Table 2. Running Time Comparison on four experimental images.

Time (s)	Methods
	Proposed	CVT	LP	MSVD	NSCT	NSST	LatLRR	VSM-WLS
S1	2.7117	0.9830	0.0087	0.2617	2.4595	6.4310	54.2865	1.2896
S2	2.4163	0.7733	0.0065	0.2121	2.1705	6.9734	152.0037	1.3355
S3	2.2129	0.7543	0.0051	0.1895	1.9775	4.0279	55.9909	1.0919
S4	2.6183	0.9489	0.0073	0.2296	2.3378	5.9728	163.1223	1.3334

. Our method is at the intermediate level. CVT, LP and MSVD algorithms are the most basic algorithms, and the running time is relatively short. The running time of the proposed method is faster than that of NSST and LatLRR, and slightly lower than that of NSCT, but the fusion effect is better than NSCT. The algorithm in this paper is similar to the VSM-WLS algorithm, and both of them use the method of saliency map and multi-scale decomposition. However, the algorithm in this paper has been improved in the fusion algorithm of each layer of multi-scale decomposition, and many factors are considered. Therefore, the algorithm complexity is high, but the comprehensive effect is better than that of VSM-WLS. The algorithm in this paper needs to be improved in terms of time complexity, which is also the direction for further efforts.

4. Conclusions

This paper presents an infrared and visible image fusion method based on visual aboriginal image and image contrast enhancement.
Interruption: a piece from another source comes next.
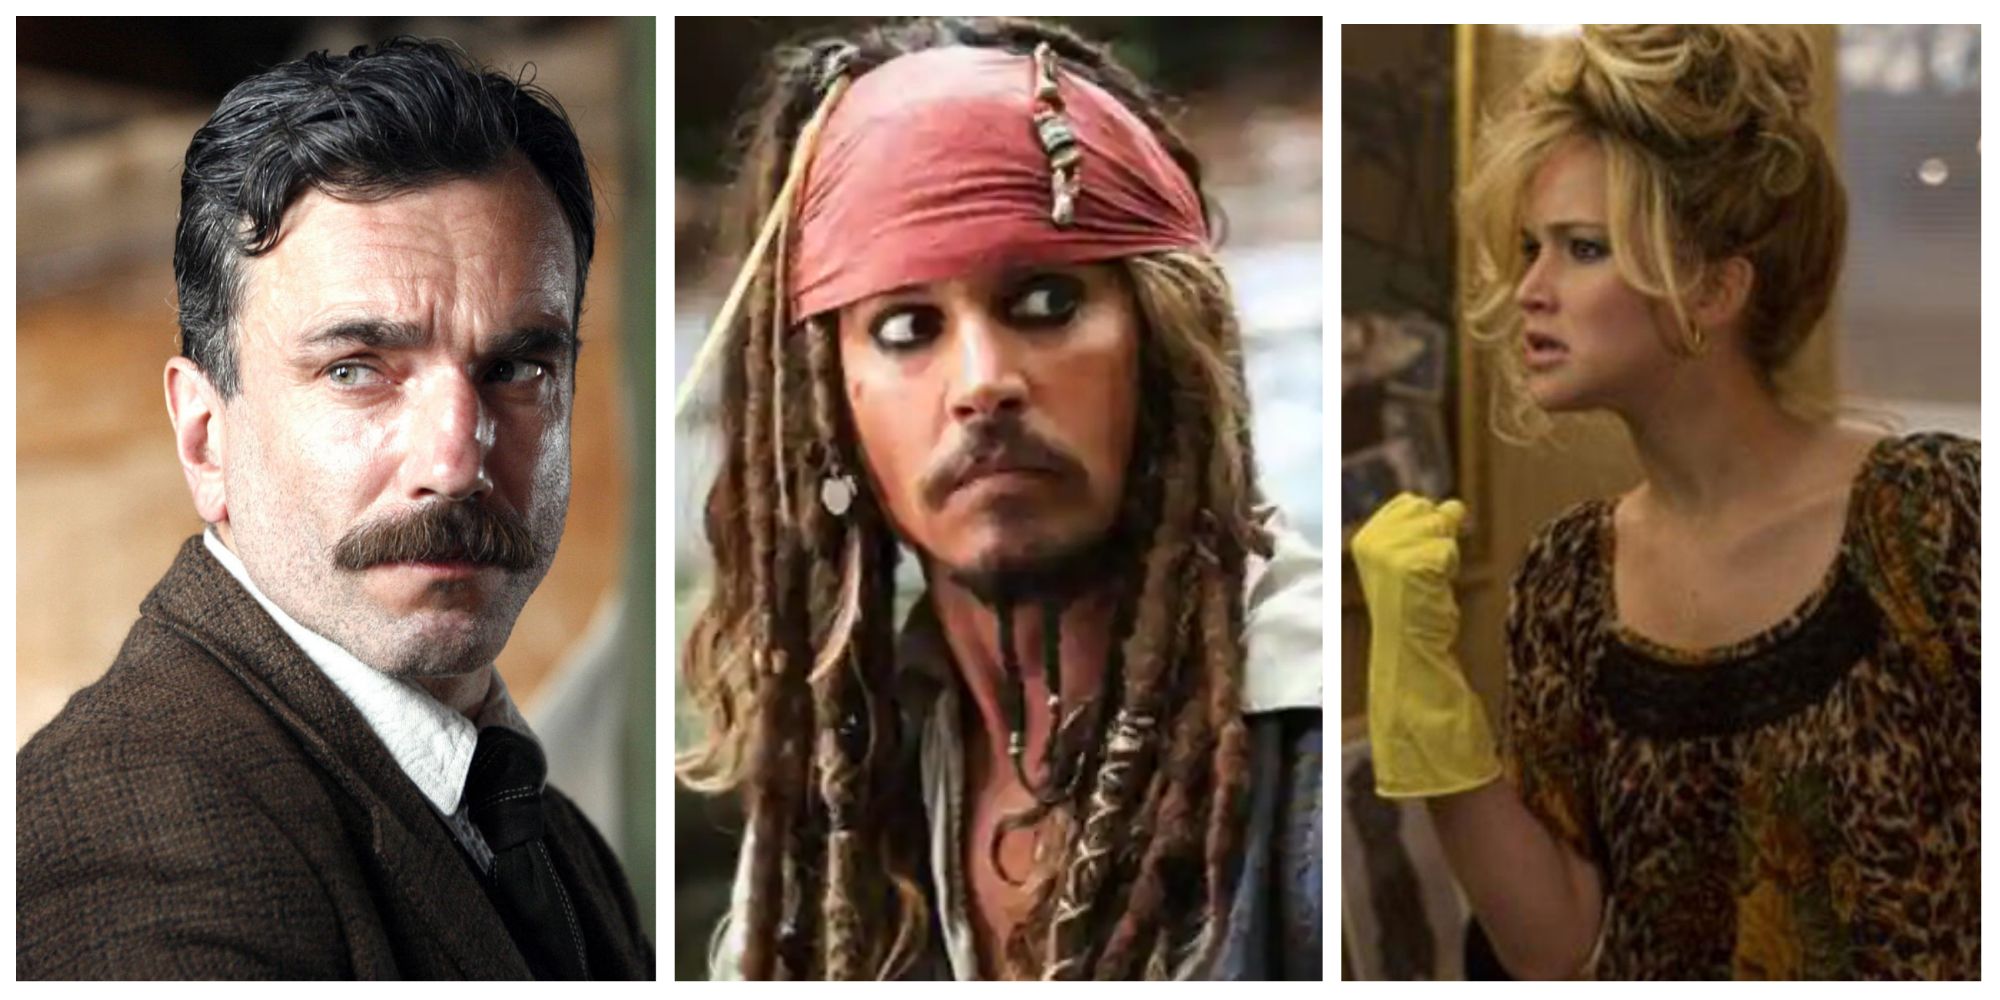 Collage of daniel day lewis, johnny depp, and jennifer lawrence

The contrast enhancement algorithm is used to improve the image contrast and the clarity of the target. The infrared salient-indigenous image is used to guide the prominence of the salient-indigenous target in the fusion image. The differential rolling guidance filtering method is used to decompose the image into different layers, so as to facilitate the targeted fusion. In terms of the fusion strategy of the basic layer and the detail layer, the fusion weights are controlled by the salient-indigenous value and the fusion method based on the combination of pixel intensity and gradient is also proposed, which is targeted for fusion. The experimental results show that the retention of the target is very prominent, and the detail information retention is better than other algorithms. Since the algorithm in this paper is comprehensive and complex, the next step is to improve the speed.